Tax Implications for Indian Residents Investing in the US Stock Market

Think investing overseas will complicate your tax filing? Despite this common perception, the tax implications of investing in US stocks are actually quite straight forward. There are two types of ‘gains’ that you can have from your investments in stocks. Let’s discuss the tax liability on each of them separately.

For this discussion, we assume that you are an Indian resident and not a US citizen or permanent resident.


If you own stock of a company that pays a dividend, your tax liability in the US would be a flat 25% (lower than otherwise for a foreign investor due to the tax treaty between US and India). This tax will be withheld before you receive the dividend, which means that you will receive 75% of the dividend as a cash payout. The good news is that you will be able to offset the US tax withheld against your tax liability in India as the US and India have a Double Taxation Avoidance Agreement (DTAA). Hence the tax that you owe on the 100% dividend will get a foreign tax credit of 25% and you will be liable to pay only anything in excess of that 25% in India.

Example scenario

Let’s say you are invested in Apple (AAPL), and receive a USD 100 dividend. Out of the USD 100 dividend, USD 25 will be withheld by the broker dealer, and USD 75 will be credited to your account. When you file your taxes in India, the USD 100 dividend will be a part of your annual income for filing purposes.
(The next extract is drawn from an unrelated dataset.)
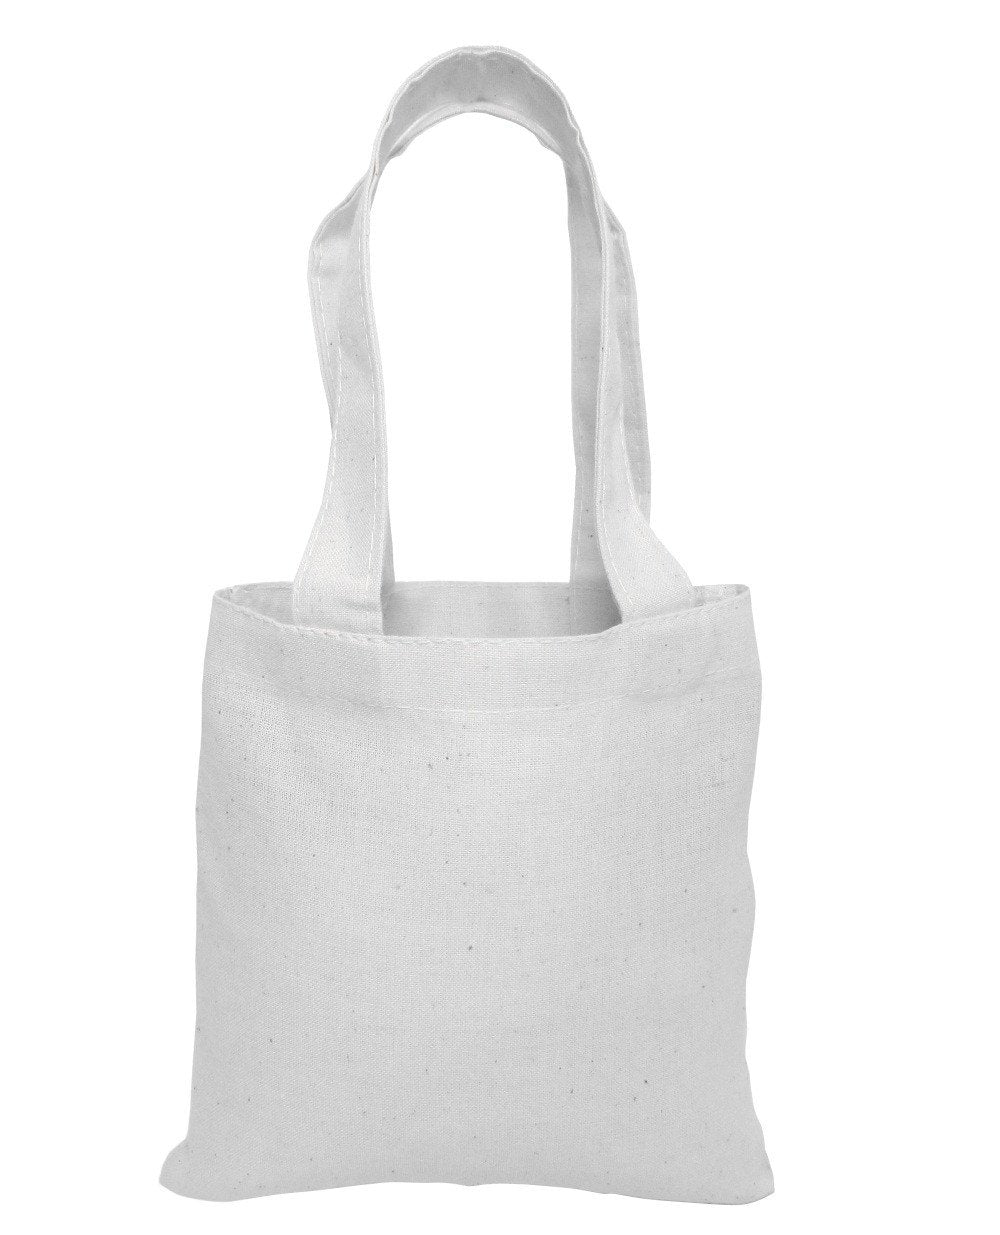 6" MINI Cotton Tote Bag with Fabric Handles

However, you will also be able to use USD 25 of foreign tax credits to reduce your tax liabilities in India.

Capital Gains

There is no income tax on capital gains in the US for foreigners (hooray!). You will, however, have to pay capital gain tax in India, depending on which category it falls in:

Long Term Capital Gains: If you hold the shares of the foreign company for more than 24 months, your capital gains will be taxed at LTCG rate of 20% (plus any applicable surcharge and cess fee).
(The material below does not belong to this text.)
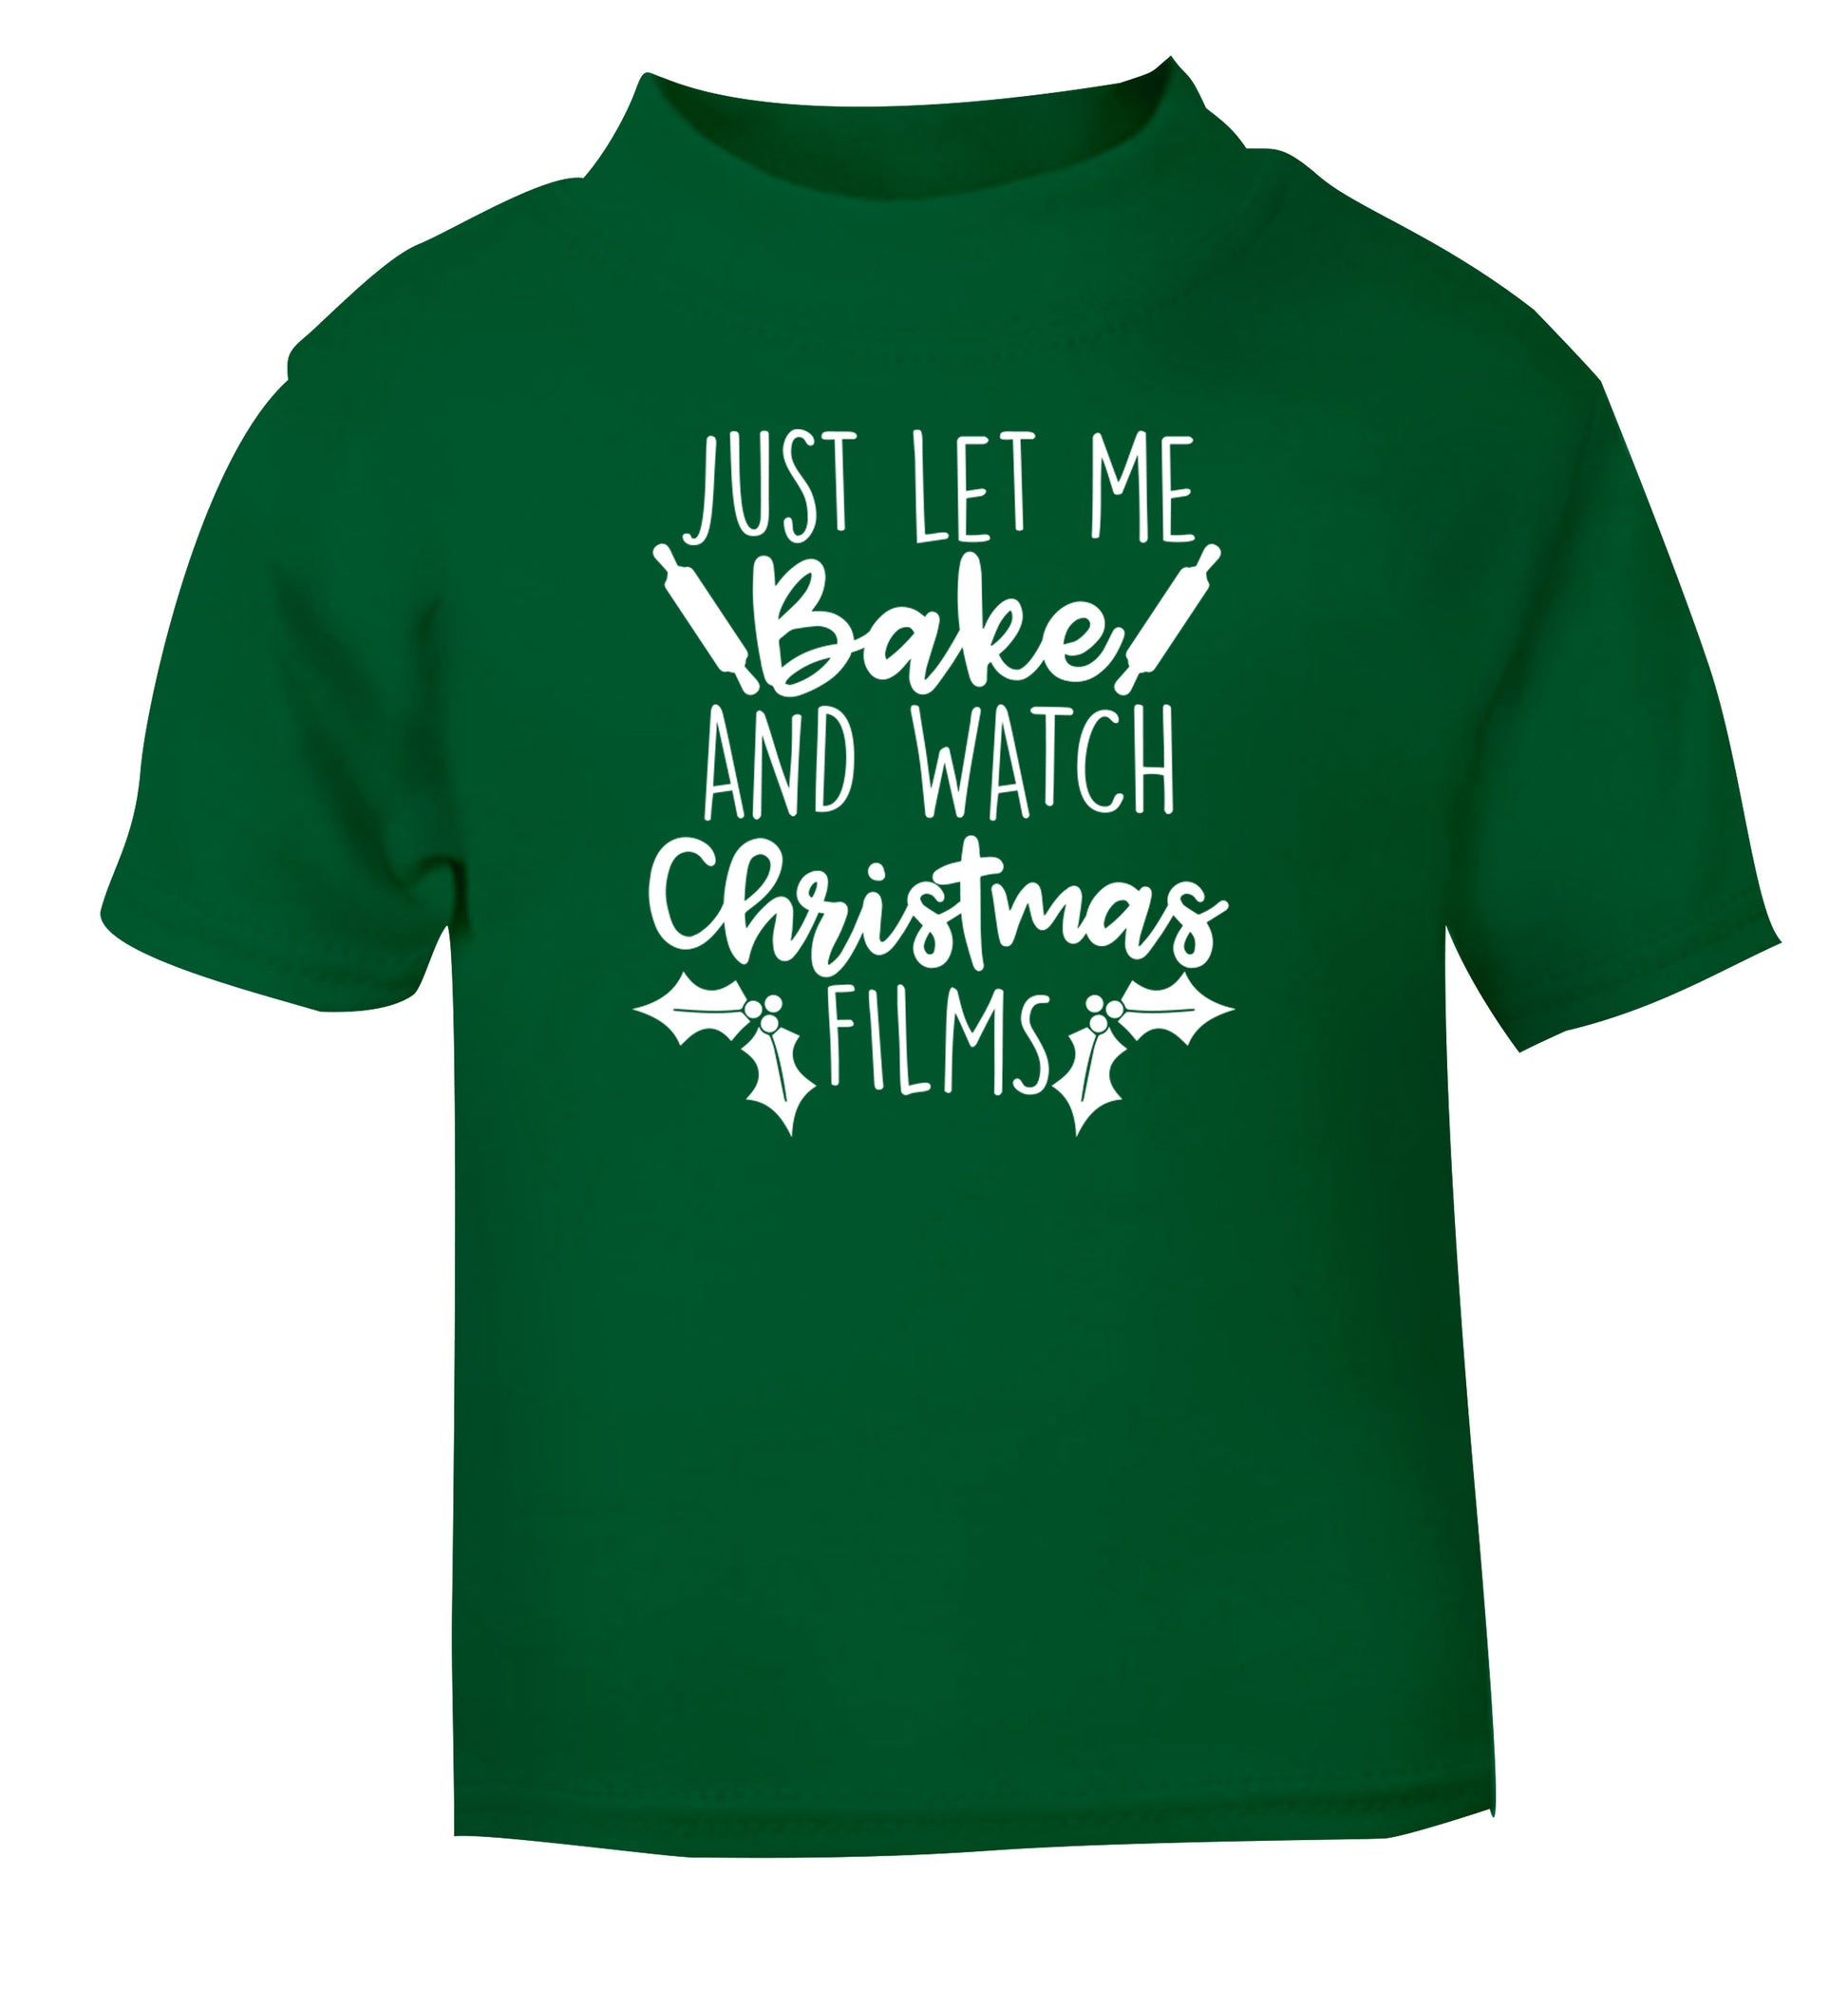 Just let me bake and watch Christmas films green Baby Toddler Tshirt 2 Years

Short Term Capital Gain: If you liquidate any stock investment before 24 months of holding it, it will fall under the STCG category, and will be taxed like ordinary income in India. The tax rate will depend on the tax bracket that you fall in the year of realizing the gain.

Example scenario

Let’s say bought Amazon shares for USD 500, and sell them for USD 700 to realize a USD 200 profit. While there will be no tax implications in the US for this gain, you will be liable to pay taxes in India on the USD 200 capital gain. If you had held the stock for more than 24 months, the tax would be USD 40+ surcharge and cess fee if applicable. In case you sold the stock after holding it for less than 24 months, USD 200 would be added to your income for the financial year and taxed based on the tax bracket you fall under for the year


The tax implications for investing in the US stock market are quite straight forward as we saw, and it should not stop any Indian investor from investing in the US.
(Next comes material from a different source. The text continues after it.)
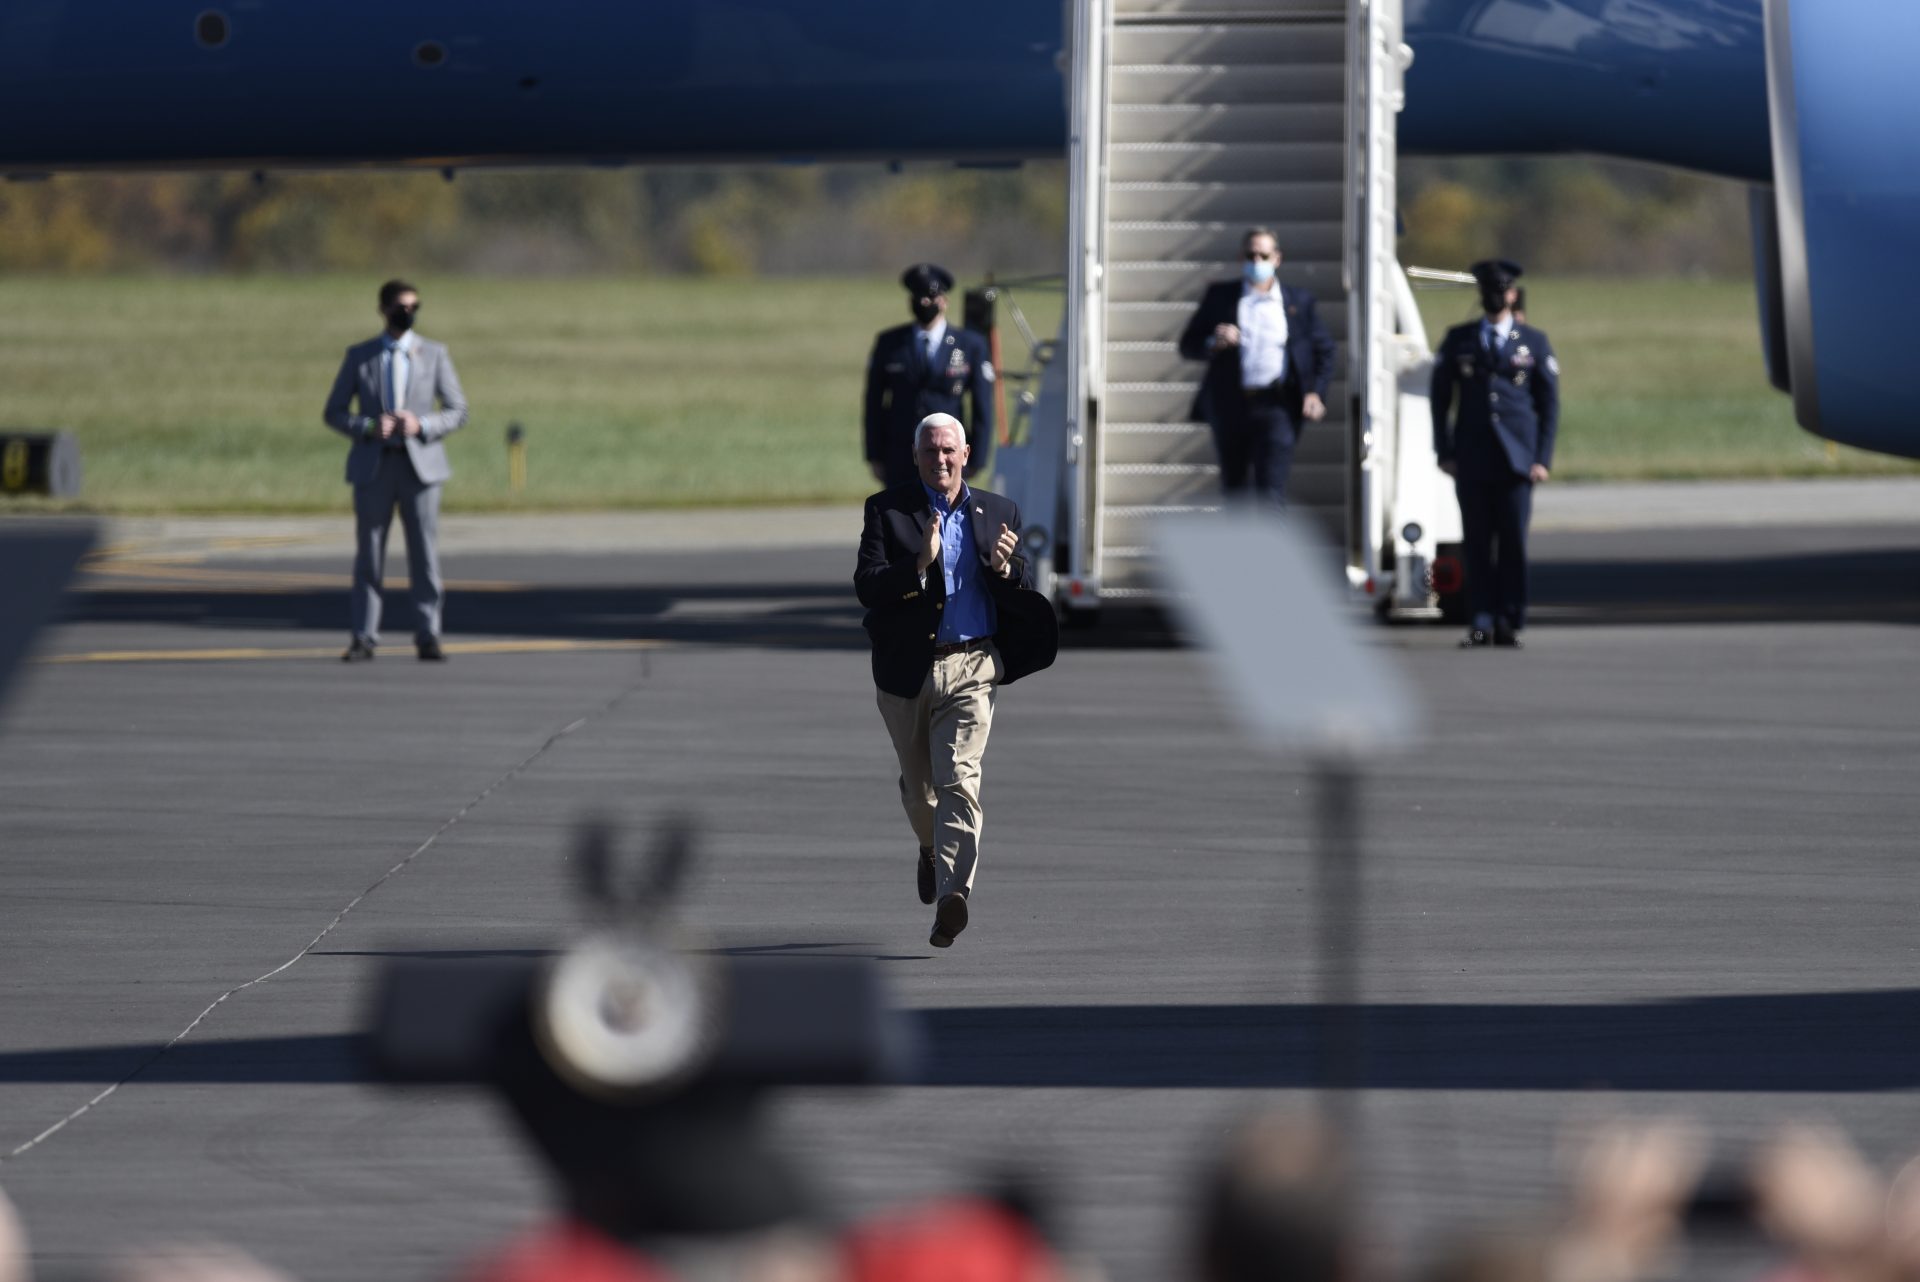 Vice President Mike Pence arrives at a campaign rally held at the Reading Regional Airport, Saturday, Oct. 17, 2020, in Reading, Pa.

How Winvesta handles your US taxes

Winvesta has made US taxes really simple for you. You will not need to file any separate tax returns in the US for your investments with us. During your onboarding, you sign the W-8BEN form which takes care of the US tax compliance for you. The W-8BEN form tells the IRS that you are a foreigner for tax purposes and thus not subject to capital gains, and qualify for a flat 25% dividend tax. Dividend taxes are then automatically deducted and submitted to the IRS for you. You will also get appropriate annual reports to be able to claim the foreign tax credits while filing your domestic returns. It can’t get simpler than that!

How can Indian Residents Invest in the US Markets?

Indian investors can invest in US stocks and ETFs from India through a Winvesta account. Opening an account takes only a few minutes and there is no commission or fee for trading!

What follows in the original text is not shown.